Nov 29, 2017

How to cook indigenous rice varieties

Being a South Indian, rice has always been a staple in my diet since childhood.  Though it was hand-pounded rice in the early days, my family switched to the fully-polished silky white rice, just like everyone else in the country.

Because of my PCOD related issues, I started looking for alternatives to rice. I turned towards millets regularly since 2013-14. I didn’t move away from rice completely and tried to include millets atleast 3-4 times a week. 

Around the same time, I also started to look for rice varieties that are healthy, native and have a low glycemic index.

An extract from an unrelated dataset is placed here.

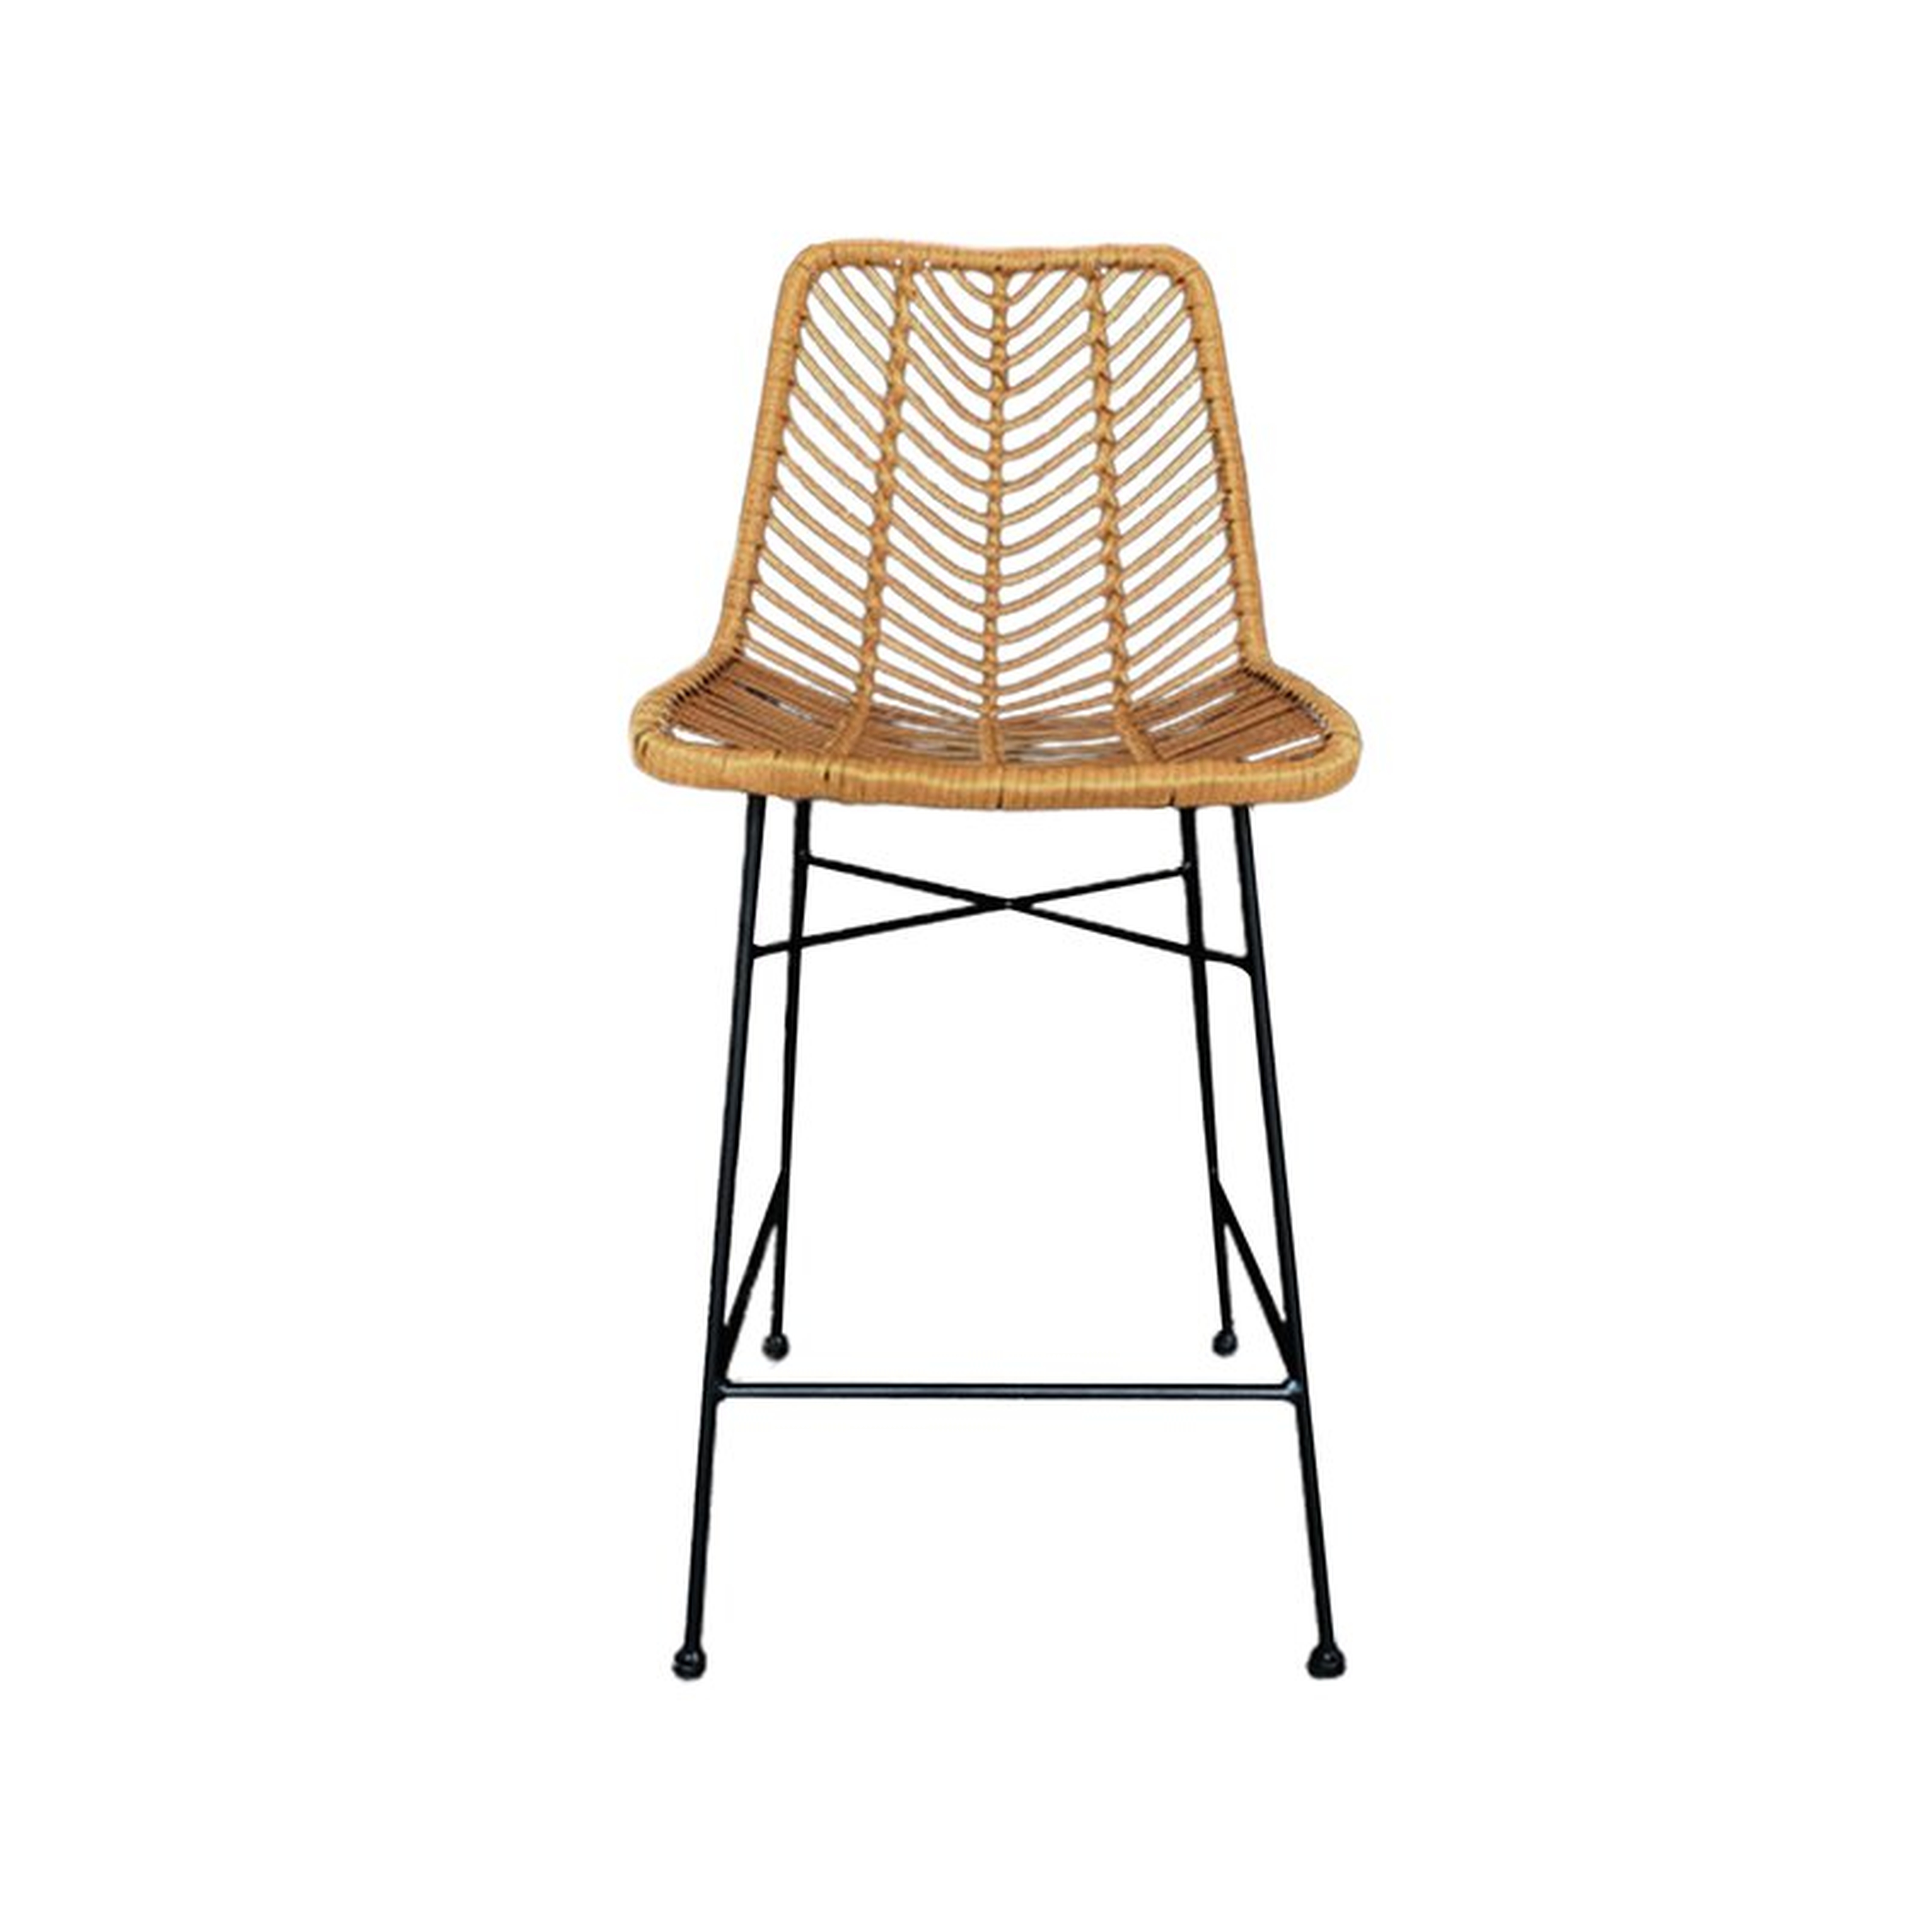 Rattan Bar Stool With Black Metal Frame, Use For Indoor And Outdoor Bars, Kitchen Island - Comfortable Design And Durable Metal Frame - Wayfair
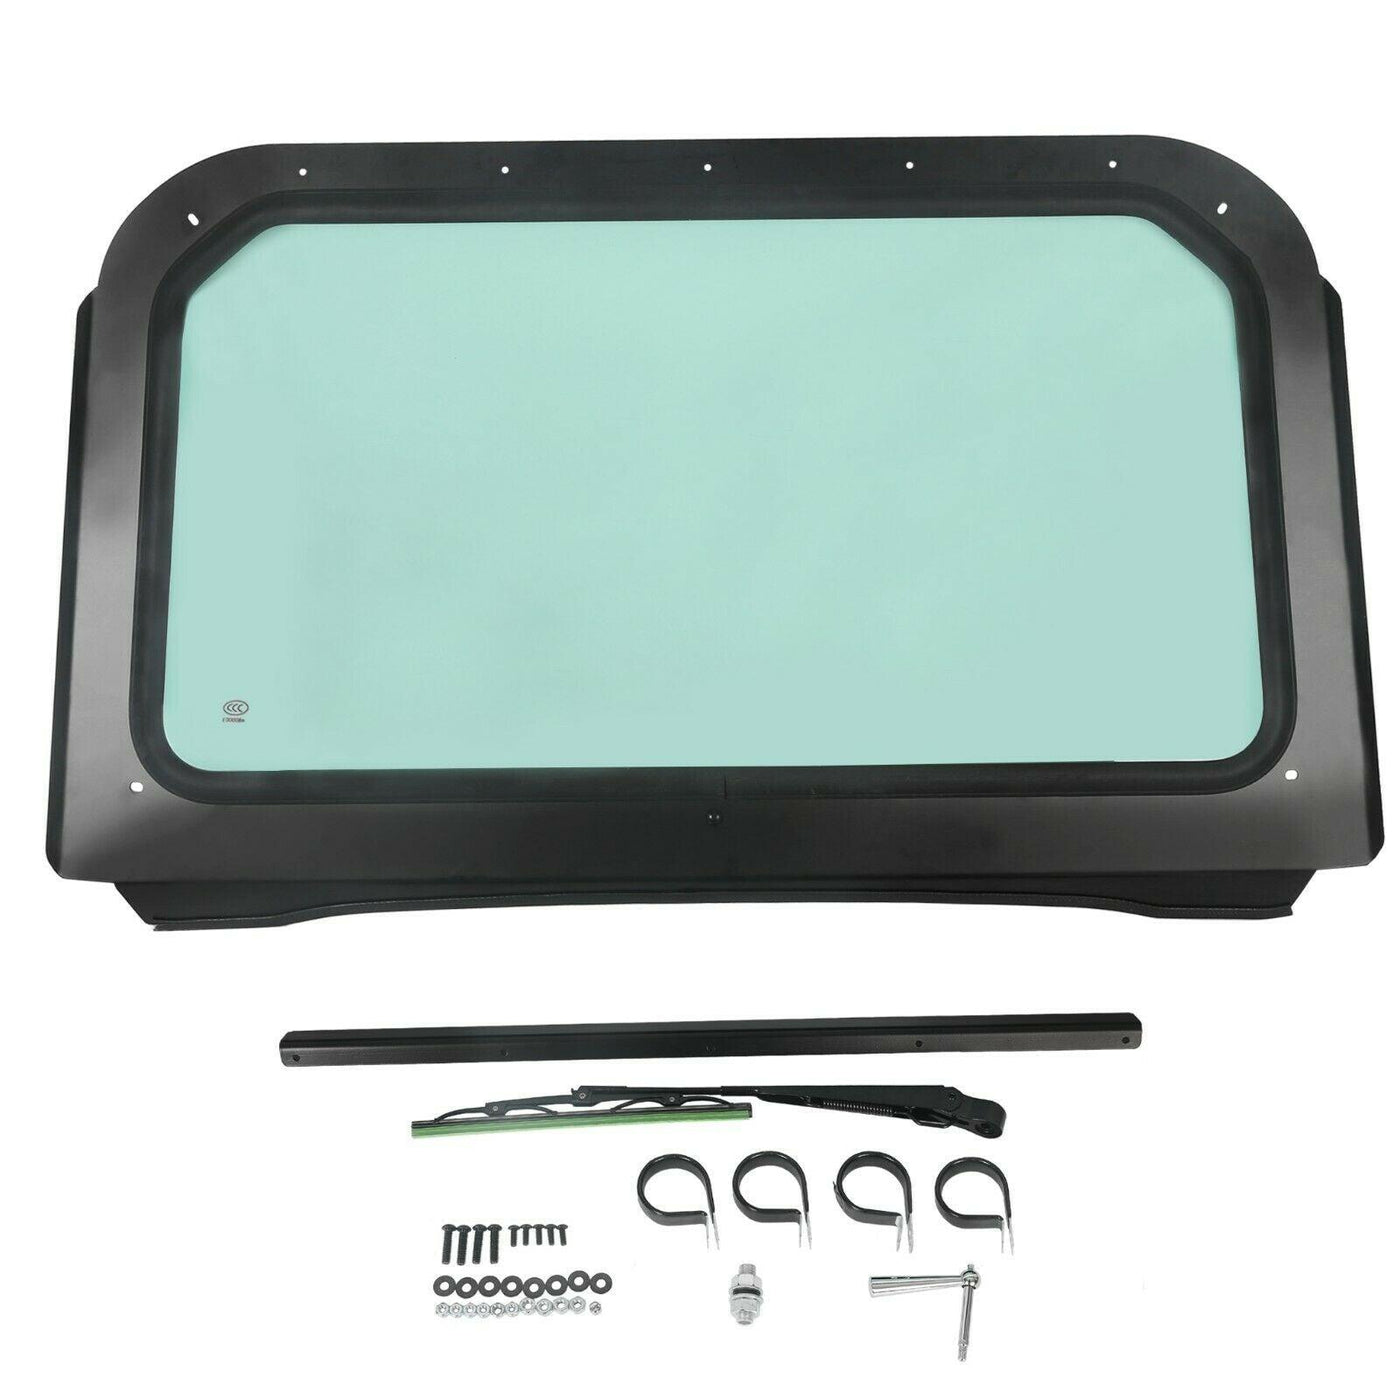 Full Glass Windshield With Wiper Black For Polaris 08-14 RZR 570 800 XP 900 - Moto Life Products

The popular opinion that’s been cleverly crafted to spread fear of diabetes is “avoid rice”. Many of us switched completely to wheat, a grain which is not locally grown in South India. Some of us even took a step further and switched completely to oats and quinoa, both of which are not native to India.

As I mentioned in my earlier article on rice, India had more than a lakh varieties of rice till 1970s and now there are hardly 6000 varieties available. Many farmers are currently trying to revive some of the native varieties of rice.

They are extremely nutritious, high in complex carbohydrates, vitamins and minerals. They are suited for local weather conditions and are pests resistant, making them naturally organic. So double win, both for our health and for our ecology. A kilogram of any of these rice varieties range from Rs.80-Rs.150. Yes, they are slightly more expensive than the polished white rice (around Rs.50-60 per kg) BUT way cheaper than the hyped-up, imported quinoa (around Rs.900 per kg).
 The more we embrace such native, indigenous rice varieties, the better the availability and price. 

Let me share the varieties of rice I have tried and their cooking procedure. I hope to keep this post as a one-stop reference on indigenous rice varieties. So please bookmark it and share it with your friends. I have included the actual pictures of meals cooked using these rice varieties, so you get an idea on the colour and texture.

1) Kichli Samba rice


Suited for variety rice preparations like lemon  rice, pulao or biryani. This is a perfect alternative to polished basmati rice. It gives a brilliant aroma while cooking and a nutty flavour. High in fibre and B vitamins.

Wash and soak 1 cup of rice for 10 minutes. 
For 1 cup of rice, use 2 cups of water. 
Pressure cook for 2 whistles in medium flame. 

If making the pulao or biryani in a pan, use 2.5 cups of water and cook covered in low flame for 5 minutes.

2) Poongar rice

I have tried the boiled rice variety. It is very beneficial for women and helps to correct hormonal disorders. Very filling and tasty. Can be had with sambhar or rasam.

Wash and soak 1 cup of rice for 30 minutes. 
For 1 cup of rice, use 2.5 cups of water. 
Pressure cook for 5 whistles in medium flame.










3) Seeraga Samba rice
This is my most recent find and my family looooves it! My daughter goes for 2nd or 3rd serving when I make a peas pulao or veg pulao with this rice. “I love this rice, Amma”, she says. 

Very flavourful, easy to cook. More tastier than basmati rice. I guarantee you that the aroma will take your biryani to a different level :-)

Wash and soak 1 cup of rice for 10 minutes. 
For 1 cup of rice, use 2 cups of water. 
Pressure cook for 2 whistles in medium flame. 

If making the pulao or biryani in a pan, use 2.5 cups of water and cook covered in low flame for 5 minutes. 

4) Kullakkar rice


This red rice variety is extremely filling. High in zinc and iron. This rice takes a little longer to cook but very tasty. Has a nutty texture.

Wash and soak 1 cup of rice in 3 cups of hot water for atleast 1 hour.
Pressure cook for 8-10 whistles in medium flame.






5) Matta rice
This rice is unique to Kerala cuisine. I use the boiled rice variety and goes well as part of a South Indian thali.

It is quite filling and you may not eat as much rice as you would normally do.

Wash and soak 1 cup of rice for 1 hour.
For 1 cup of rice, use 2 cups of water. 
Pressure cook for 6 whistles in medium flame. 








6) Rajamudi rice

This red rice variety is native to Mysore region of Karnataka. It is easily available in many organic stores across Bangalore. This cooks real fast and can be had as part of a typical South Indian meal. It digests easily and can be given to children too.

No soaking is required.
For 1 cup of rice, use 2.5 cups of water.
Pressure cook for 4 whistles in medium flame.




7) Handpounded rice / semi-brown rice

I buy this variety of Sona Masoori rice from 24Mantra organic brand. This can be easily cooked and can be had with sambhar or rasam. It digests easily and can be given to children too.

Wash and Soak 1 cup of rice for atleast 15 minutes.
For 1 cup of rice, use 3 cups of water.
Pressure cook for 2 whistles in high flame and 5 minutes in sim flame.